3. Modeling Probability of Default

Modeling the probability that a loan defaults is critical to our investment strategy. After our exploration of 2013 and 2014 data, we select predictors that present promising separations between defaulted and repaid loans. We also make sure not to use any predictors capturing information that we would not have at the time of selecting which loans to invest in.


Summary of variables

Response:

Newly defined variable, paid, which was a binary variable indicating whether a loan had any status other than ‘Fully Paid’.

Predictors:


Handling Imbalanced Class

The machine learning algorithms we select to predict future loans as defaulting or not defaulting have trouble learning to predict underrepresented classes. As seen in the table below, the defaulted class in the training data is under represented. To address this class imbalance problem, we use synthesis of new minority class instances (SMOTE). For each minority class, SMOTE calculates the k nearest neighbors. Depending on the amount of oversampling required, one or more of the k-nearest neighbors are selecte to create synthetic examples to augment the training dataset. We oversample the defaulted loan class to achieve a 50-50 split of classes using the imbalanced-learn library.

number of loans percent of loans SMOTE number of loans SMOTE percent of loans
repaid 289177 0.78 289177 0.5
defaulted 81266 0.22 289177 0.5

Machine Learning Models

Our goal is to achieve the highly accurate predictions of the probability of a loan defaulting with our selected features, and use this predicted probability as an input to our investment strategy. We use a suite of models to predict this probability and conduct hyperparameter searches using grid search. The models we explore are listed below with their tuned hyperparameters.

The baseline accuracy, i.e. accuracy achieved when the majority class (repaid loans) is always predicted, is 0.82 on the training set and 0.78 on the test set. While most of our models do not achieve baseline accuracy, we attribute this to discarding variables we identify as potentially containing information about protected classes.

As displayed in the table below, the highest test accuracy is achieved by the neural network, followed by QDA. However, QDA achieves a high test accuracy because it predominantly predicts that loans are repaid (only 0.07% of loans are predicted to default). A dive into QDA’s training accuracy reveals a similar pattern, where only 3.4% of the loans are predicted to default, despite 50% of the loans resulting in true defaults. Given this trend, we don’t trust that QDA has learnt the nuances of our training data, so we choose the next contender, logistic regression, to take forward to our return on investment analysis, along with the neural network.

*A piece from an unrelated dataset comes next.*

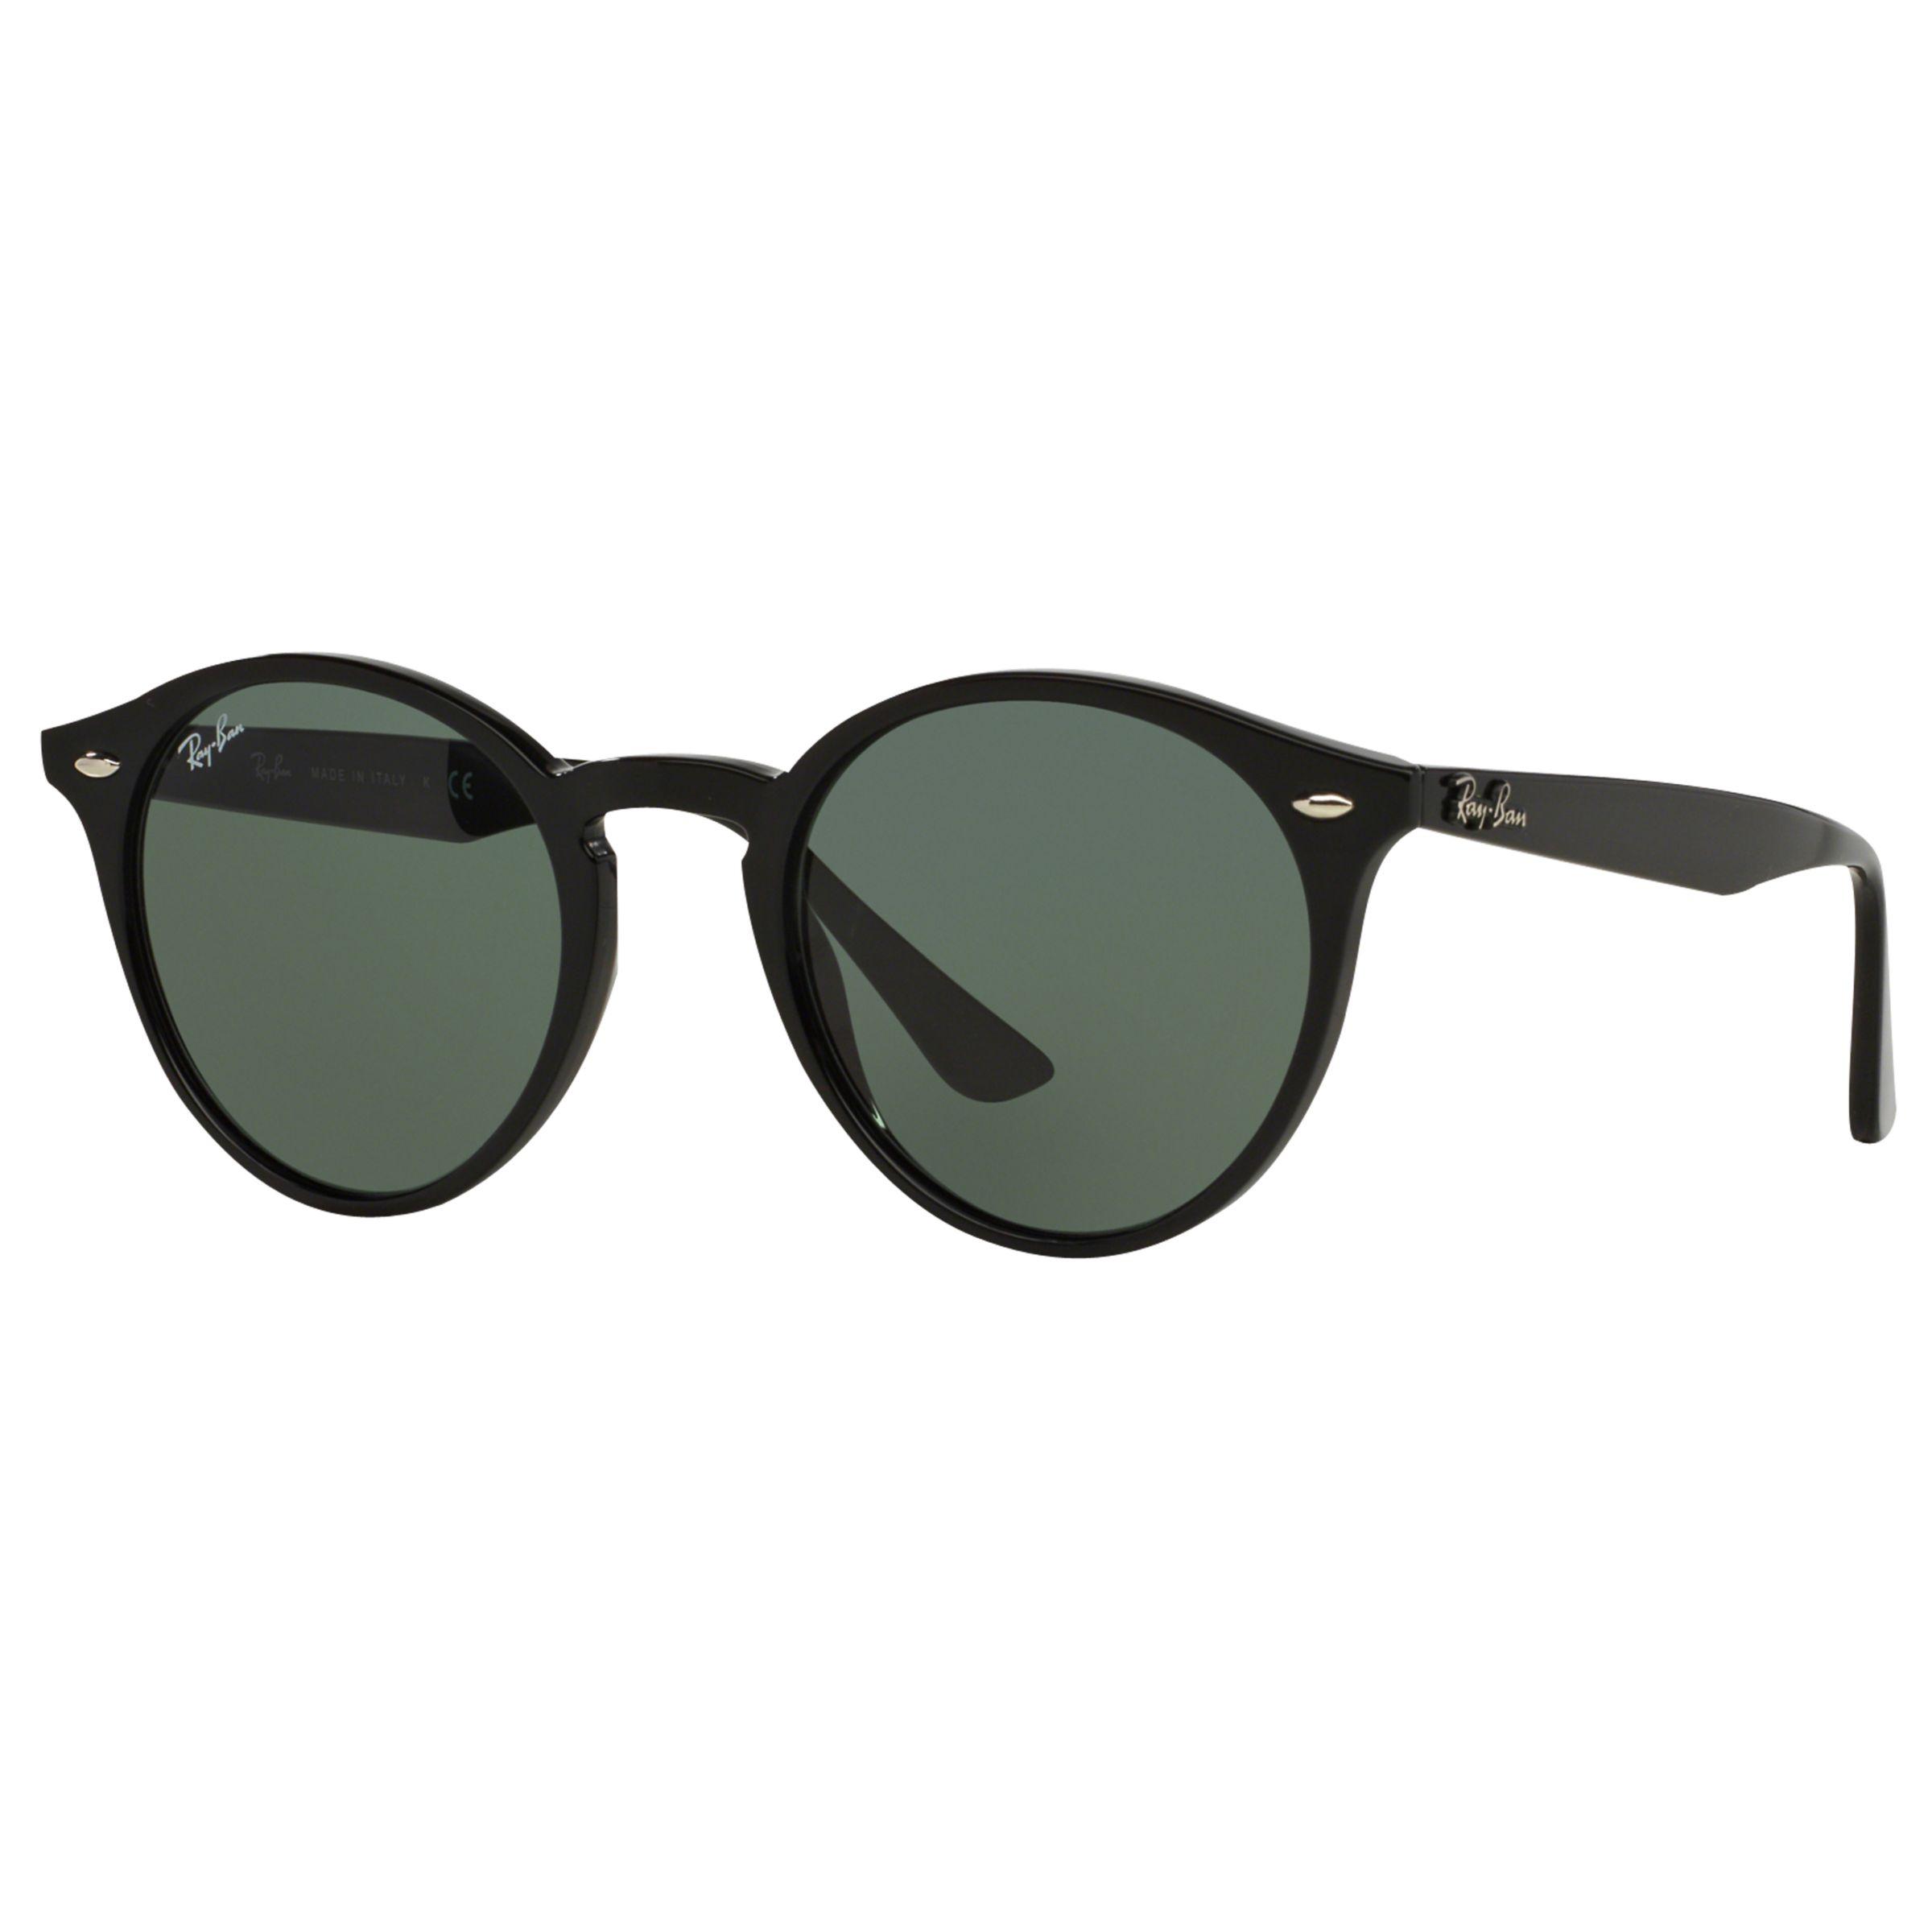 Ray-ban Ray-Ban RB2180 Round Sunglasses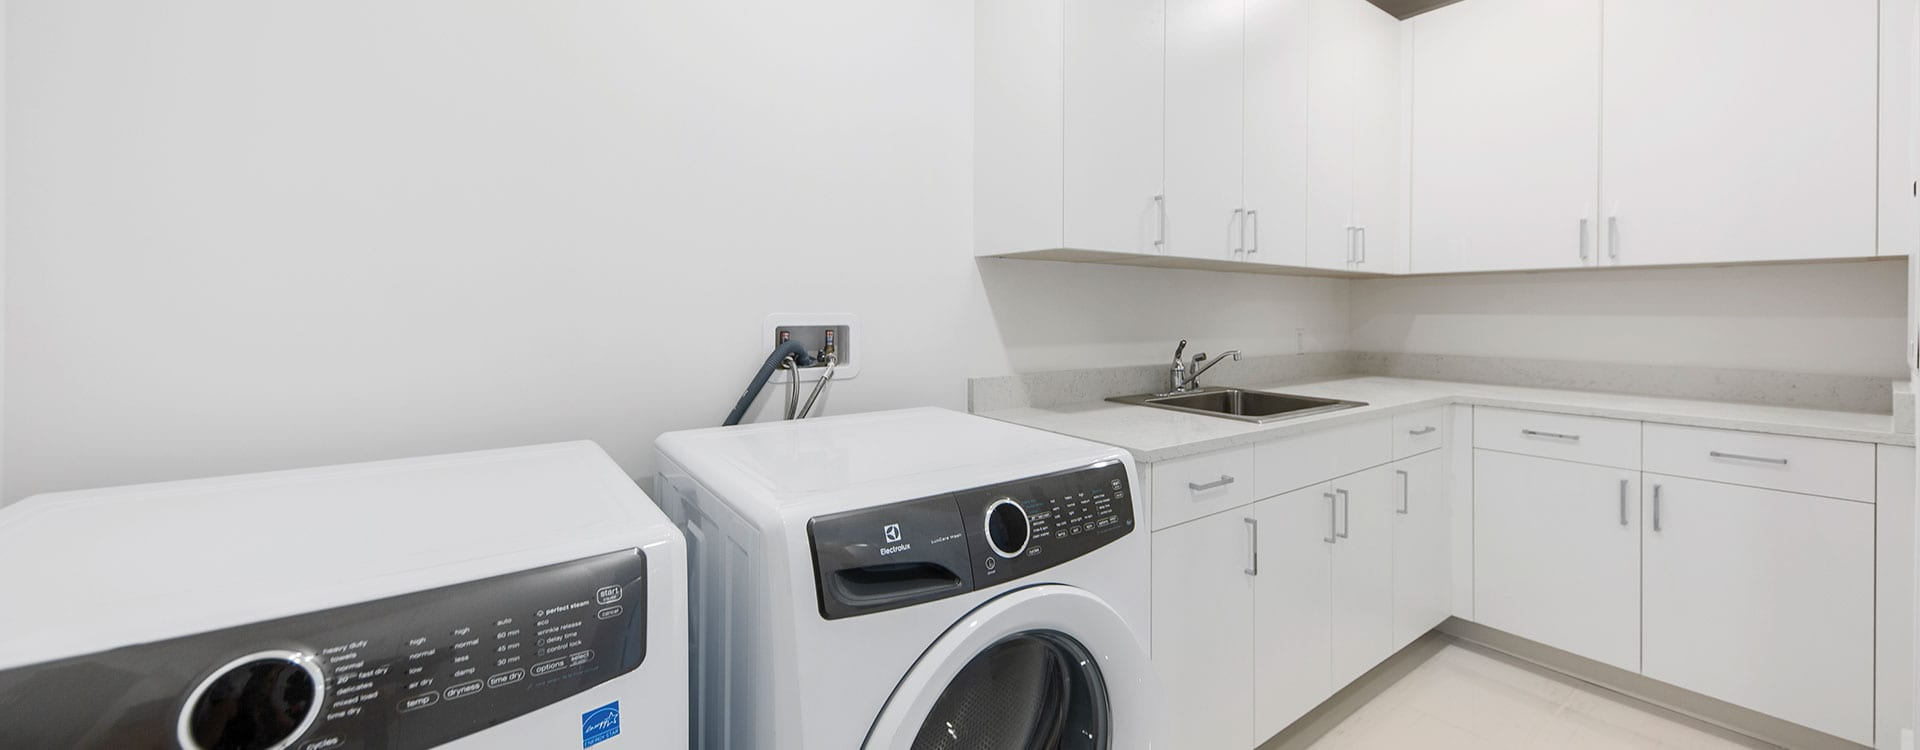 BLVD Residence 903 Laundry

Heuristically, it mattered to us that our models be able to assign different spectrums of default probabilities to loans that went on to default compared with those that repaid succesfully. We considered the probability distributions associated with our two outcome classes in the training data - aware of the fact that we shouldn’t read too much into this since there was clearly the chance our models were overfit.

Financial data is notoriously noisy, so it was promising that our models were generally able to differentiate between the different outcomes based on our input data. We were interesed in quantifying the predictive power of our models, hence we used ROC AUC scores as well as accuracy scores to make our final decision on which models to take forwards. As this is a highly imbalanced problem, we seek to confirm that our best contendors from an accuracy standpoint do maximize the area under the ROC curve. As shown in the table, the highest AUC is achieved by the logistic regression model, followed by the neural network, confirming our selection.


Training and test accuracies by model

Training Accuracy Training AUC Test Accuracy Test AUC
Logistic Regression 0.655 0.713 0.746 0.724
Neural Network 0.676 0.708 0.781 0.714
Light GBM 0.786 0.702 0.702 0.641
Random Forest 0.694 0.720 0.718 0.637
AdaBoost 0.896 0.960 0.663 0.622
Quadratic Discriminant Analysis 0.535 0.535 0.778 0.502

Probability of Default Distributions for Training Data

png


Area under the receiver operating characteristic (ROC) curve for training and test data

png


Analysis

From these results, it was clear we should take the Logistic Regression model and our MLP forward as our final models. Financial data is notoriously noisy, so the fact that both these models achieved close to/superior accuracy scores compared with the the baseline accuracy, and that both maintained their AUC across the training and test sets was certainly promising as we looked to use these models to predict Return on Investment.